Cardinal continues to work through its credit facility renewal process with our syndicate of banks. The reduction in commodity prices has impacted our projected future cash flows and has re-emphasized our goals of reducing our overall debt levels. We have received approval from the syndicate to further extend the revolving period and re-determination date to August 5, 2020 for the lenders to attain required internal approvals. We continue to work through applications for federal liquidity support programs. Currently, Cardinal is drawn approximately $204 million on its credit facility and with the low decline nature of our asset base we expect our future adjusted funds flow will be sufficient to support our capital program and continue with our debt reduction strategy.


The COVID-19 pandemic is unprecedented in how it has affected the global economy. The Canadian oil and gas industry has faced numerous challenges over the past number of years however we believe the past few months have negatively impacted our industry more than any other. Cardinal’s focus through this pandemic and economic crisis remains the health and safety of our employees and service providers, and managing our liquidity through disciplined efficient operation of our assets, production and costs. This has been evidenced in the second quarter of 2020 in which we had positive free cash flow and reduced net debt levels over the prior quarter.

Our focus for the second half of 2020 will be on retaining our long term stability. The fluctuations in commodity prices this year, from a high of over WTI US$60/bbl to a low that saw negative prices have reinforced some key business tenets. Increased stability through longer term product hedging and reduced financial dependence on our credit facility are and will be the core focus for the future. Cardinal is fortunate to have a low decline sustainable production base that can withstand the short-term pricing shocks without materially impacting our reserve base. Our capital program for the last half of 2020 has been reduced to $8.5 million. With a large percentage of our production hedged for the remainder of the year, we expect to make significant reductions in our overall net debt levels in 2020.

Cardinal will continue to manage our assets with a long-term sustainability view and continue to look for ways to reduce our costs without sacrificing the safety of our employees or the integrity of our asset base and infrastructure. Cardinal’s top tier low decline rate will support the Company’s oil production and we will bring back on production of shut-in wells when the re-activation economics justify it. We are seeing positive signs as oil prices have stabilized and we continue to lock-in prices that support longer term production initiatives.

We will continue to navigate through these challenging times by acting quickly to implement change and reduce costs. We thank our Board for their continued guidance, our employees for their dedication and hard work and our shareholders and stakeholders for their perseverance and support during this challenging time.

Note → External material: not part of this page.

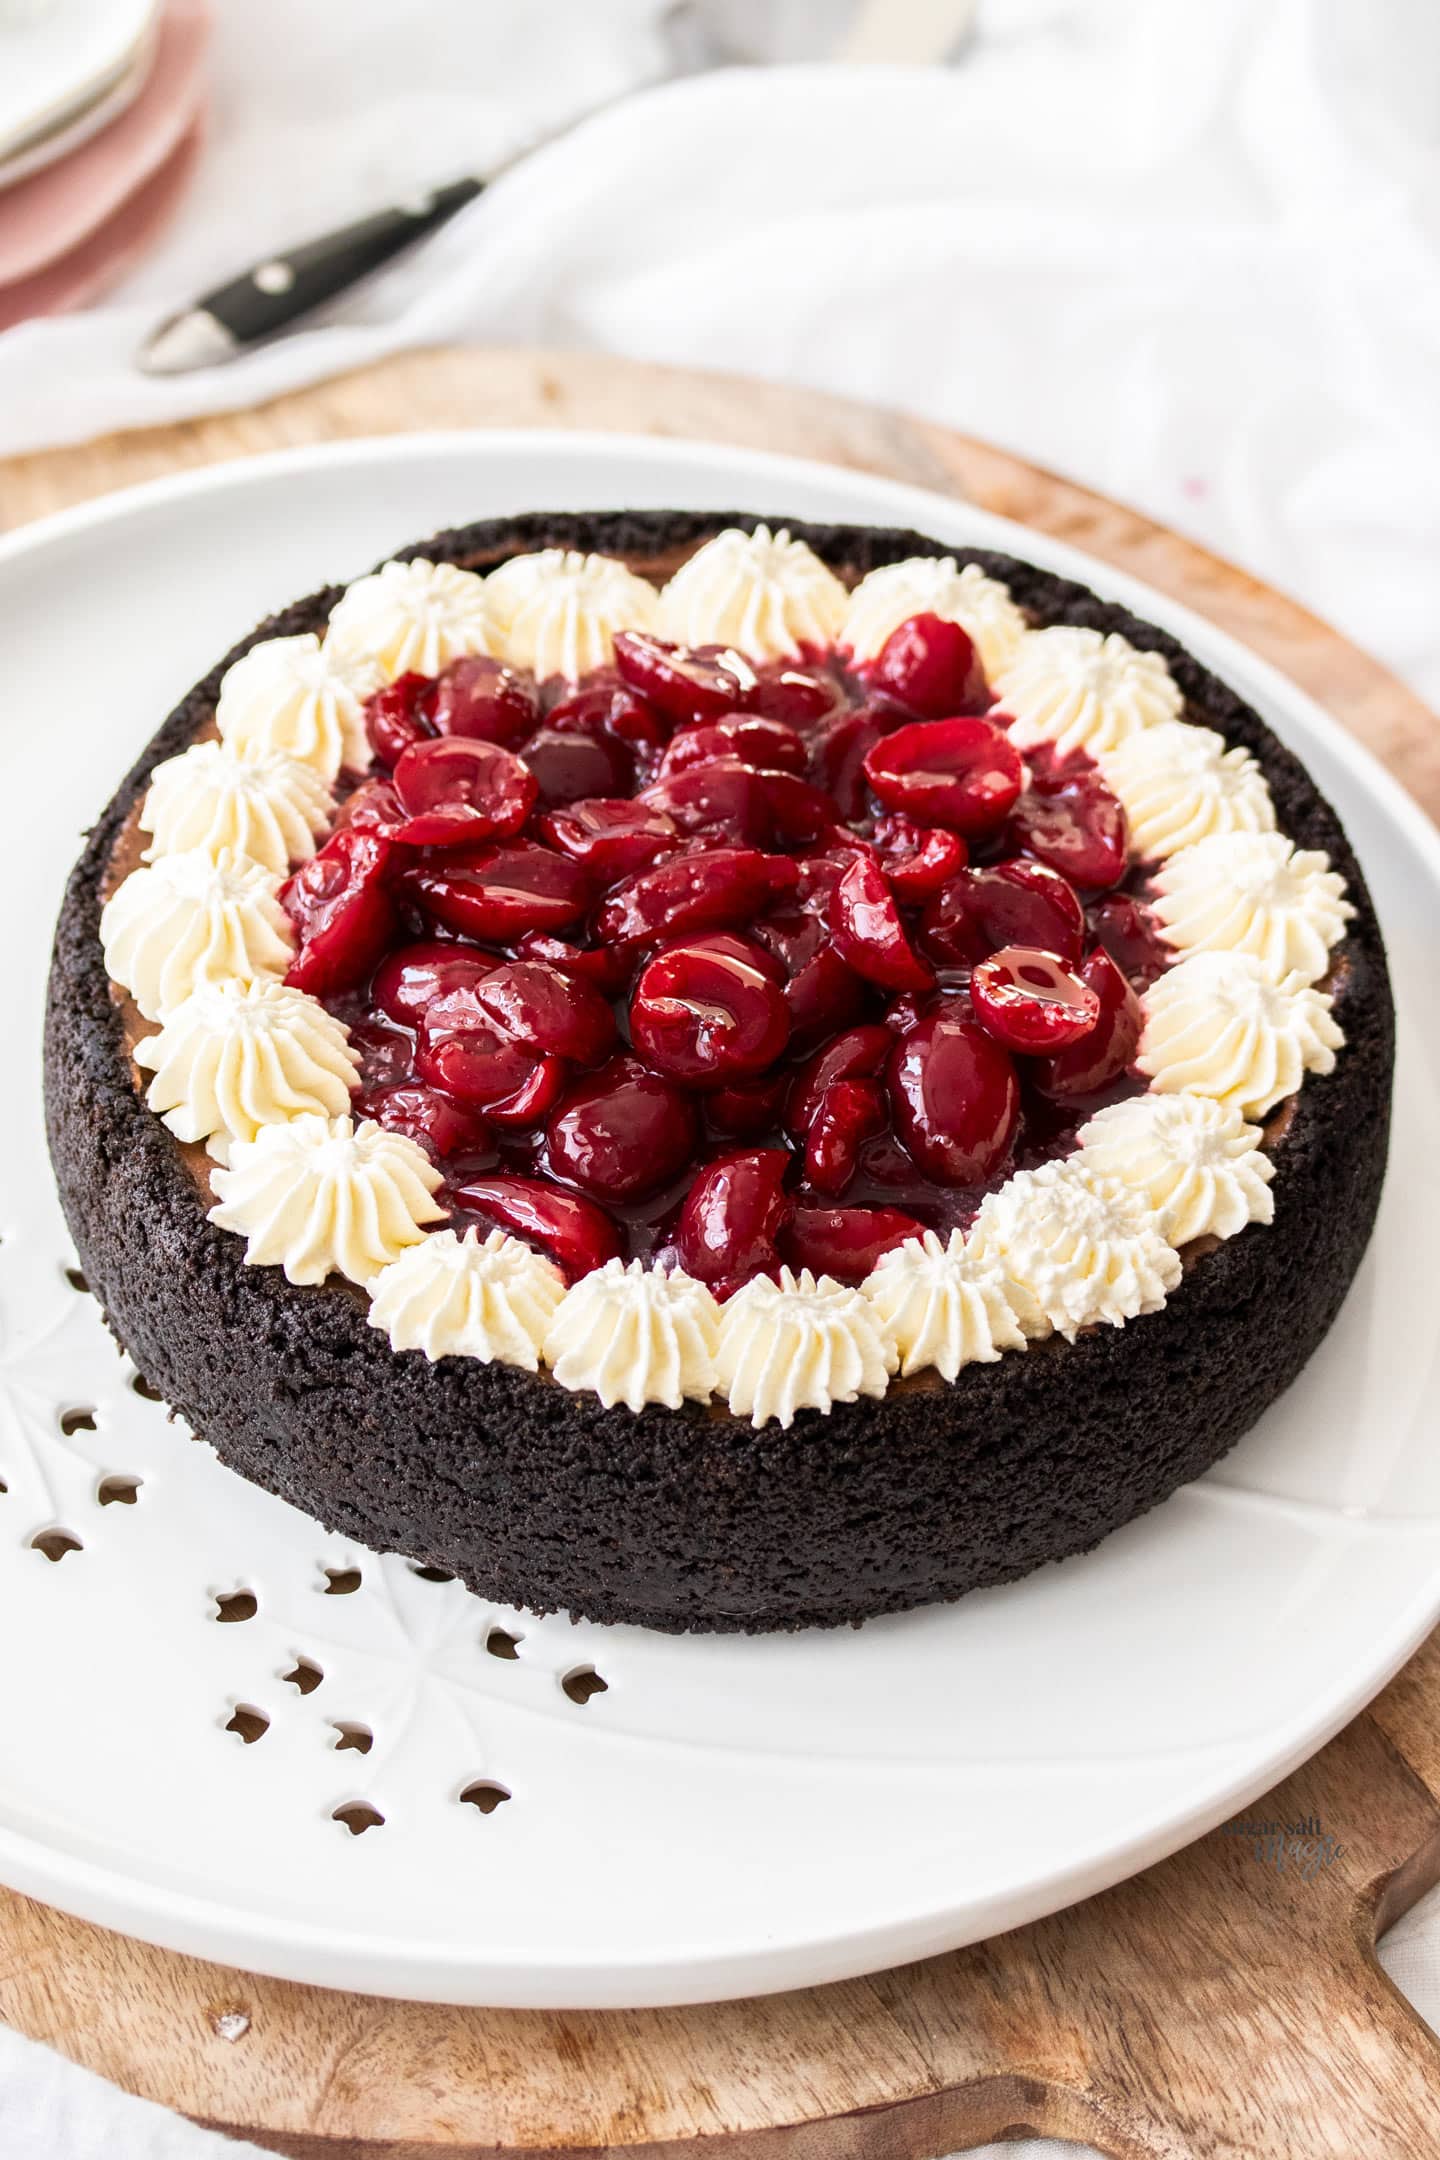 A whole black forest cheesecake on a platter.

Note Regarding Forward-Looking Statements

This press release contains forward-looking statements and forward-looking information (collectively “forward-looking information”) within the meaning of applicable securities laws relating to Cardinal’s plans and other aspects of Cardinal’s anticipated future operations, management focus, objectives, strategies, financial, operating and production results. Forward-looking information typically uses words such as “anticipate”, “believe”, “project”, “expect”, “goal”, “plan”, “intend”, “may”, “would”, “could” or “will” or similar words suggesting future outcomes, events or performance. The forward-looking statements contained in this press release speak only as of the date thereof and are expressly qualified by this cautionary statement.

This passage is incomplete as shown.